Why is writing to a non-const object after casting away const of pointer to that object not UB?
Asked Answered
A

5

6

According to the C++ Standard it's okay to cast away const from the pointer and write to the object if the object is not originally const itself. So that this:

 const Type* object = new Type();
 const_cast<Type*>( object )->Modify();

is okay, but this:

 const Type object;
 const_cast<Type*>( &object )->Modify();

is UB.

The reasoning is that when the object itself is const the compiler is allowed to optimize accesses to it, for example, not perform repeated reads because repeated reads make no sense on an object that doesn't change.

The question is how would the compiler know which objects are actually const? For example, I have a function:

void function( const Type* object )
{
    const_cast<Type*>( object )->Modify();
}

and it is compiled into a static lib and the compiler has no idea for which objects it will be called.

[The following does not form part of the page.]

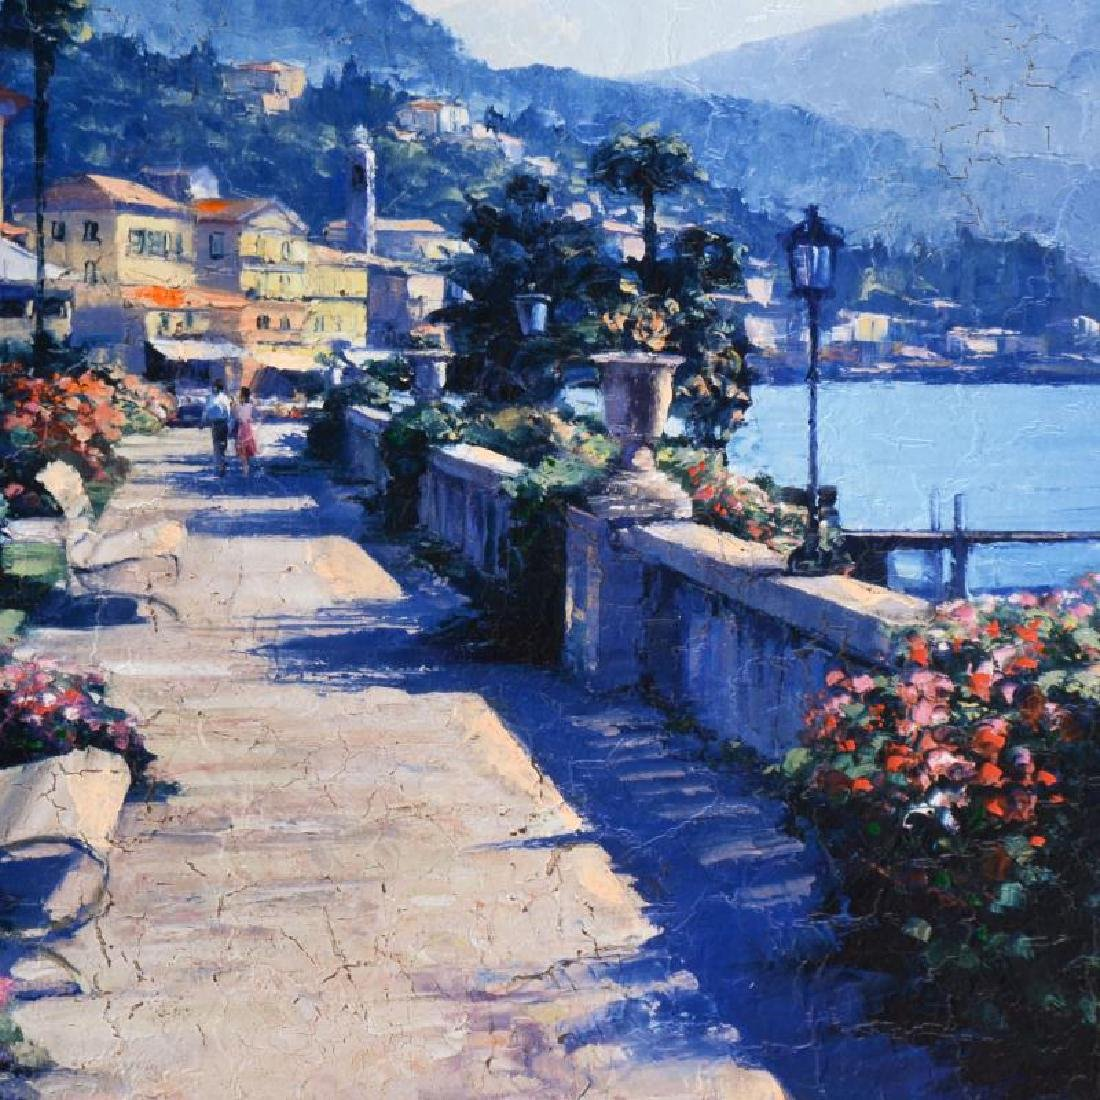 Bellagio Promenade by Behrens (1933-2014) - 2

Now the calling code can do this:

Type* object = new Type();
function( object );

and it will be fine, or it can do this:

const Type object;
function( &object );

and it will be undefined behavior.

How is compiler supposed to adhere to such requirements? How is it supposed to make the former work without making the latter work?

Asymptomatic answered 16/12, 2011 at 6:33 Comment(3)
Why do you make a promise if you intend to break it right away? const is a promise from the programmer to the compiler (and a contract that other programmers reusing the component agree on), no more and no less. The compiler may or may not do something differently according to that promise, but that is circumstantial. Now, the thing is, if something is not constant, you should not give that promise in the first place.Disdain
@Damon: In real life one party writes the function, the other writes the calling code and they can't affect each other.Asymptomatic
@Daemon There are case where you do keep the promise -- that is, the object is unchanged when the function ends -- but you make temporary changes to it during execution, for various reasons.Environmentalist
R
6

When you say "How it is supposed to make the former work without making the latter work?" an implementation is only required to make the former work, it needn't - unless it wants to help the programmer - make any extra effort in trying to make the latter not work in some particular way. The undefined behavior gives a freedom to the implementation, not an obligation.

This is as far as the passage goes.